# Cpc exam - grading status



## masanna (Jan 5, 2016)

Waiting for my results it's in grading status.


----------



## chuckkenneth.travilla@gmail.com (Jan 5, 2016)

*waiting for the exam result*

i took the exam last dec 13 and its still grading until now. any news? or is it only me who's experiencing this? should i be concerned?


----------



## masanna (Jan 5, 2016)

chuckkenneth.travilla@gmail.com said:


> i took the exam last dec 13 and its still grading until now. any news? or is it only me who's experiencing this? should i be concerned?



I took the exam on December 30! It only been 6 days.. Praying I passed 4th time taking the exam!!


----------



## jeanh (Jan 5, 2016)

*Exam Results*

With so many people taking the exam in hopes of passing before ICD-10, AAPC is a little overwhelmed with so many tests to grade. No need to be concerned. Best of luck!

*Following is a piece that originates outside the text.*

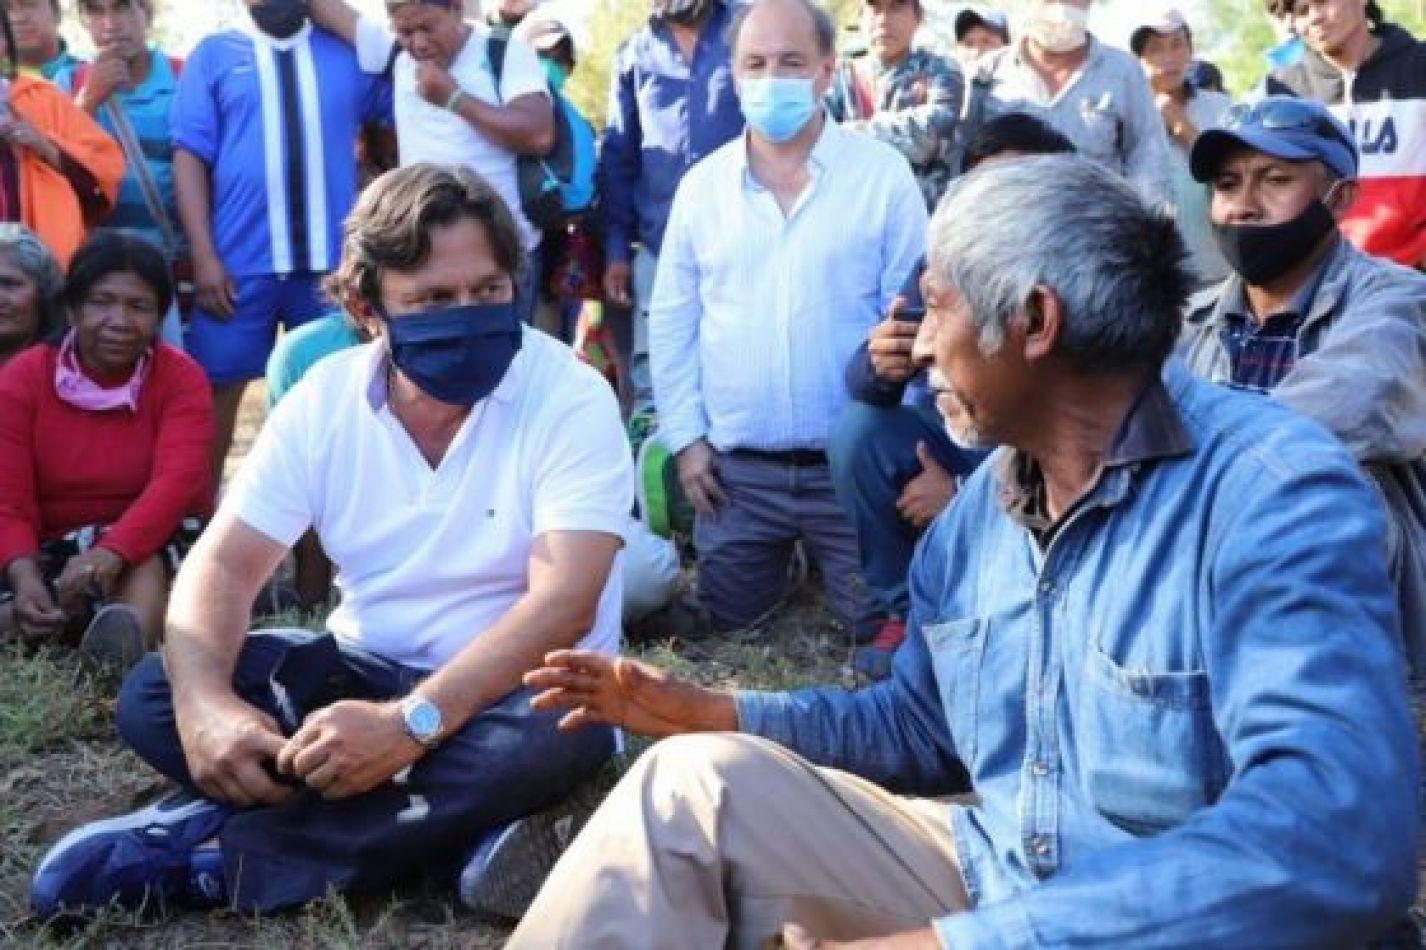 Sáenz encabezó un encuentro de diálogo y consenso con comunidades originarias

Hope you find out in a few days that you passed!!


----------



## ljsilkes@gmail.com (Jan 10, 2016)

I took my CPC exam on December 12th and found out the results 8:30am on the 16th (I passed!)!! I think it also comes down to when did the proctors send in the exams. My proctor went from the test directly to FedX to send them in (which was super nice of him!)

I was told I would not know the results before Christmas so was shocked to have them in so early!

Good luck!


----------



## CodingKing (Jan 11, 2016)

ljsilkes@gmail.com said:


> I took my CPC exam on December 12th and found out the results 8:30am on the 16th (I passed!)!! I think it also comes down to when did the proctors send in the exams. My proctor went from the test directly to FedX to send them in (which was super nice of him!)
> 
> I was told I would not know the results before Christmas so was shocked to have them in so early!
> 
> Good luck!



FedEx must get some sort of priority because that's what my proctor did and many other reports of the same for others with quick turnaround. I got mine in less than 2 full business days


----------



## changita73 (Feb 3, 2016)

*waiting for my results from cpc exam*

were do I go to find out what my results were I'm so anxious to find out all ready


----------



## ardithch (Feb 17, 2016)

*grading status*

Where do you go for the grading status? thanks


----------



## ljsilkes@gmail.com (Feb 18, 2016)

Hover over MyAAPC, click on Purchases and click on the test.. you should see there the info. Also, next to your name on the main screen will show CPC-A when you pass!


----------



## bhanumathychowdary55 (Dec 19, 2017)

*Waiting for cpc results held on*

Waiting for cpc results held on 12/27/2017 its in transit to aapc status
when will we get results
eagerly waiting


----------



## Kamalapriyasekar@gmail.com (Jan 4, 2018)

*CPC result*



bhanumathychowdary55 said:


> Waiting for cpc results held on 12/27/2017 its in transit to aapc status
> when will we get results
> eagerly waiting



Hi bhanu, I wrote my exam exam on 12/23/2017 Saturday till date i.e (01/04/2018) it was In transit to Aapc . Now today 01/05/2018 it shown received and now grading. result not published till now. Am also waiting for result for past 12 days. Hope so u will get as same. All d best.


----------



## arkghosh (May 23, 2018)

*Exam result problem*

Grading mode last 15 days? What is this?


----------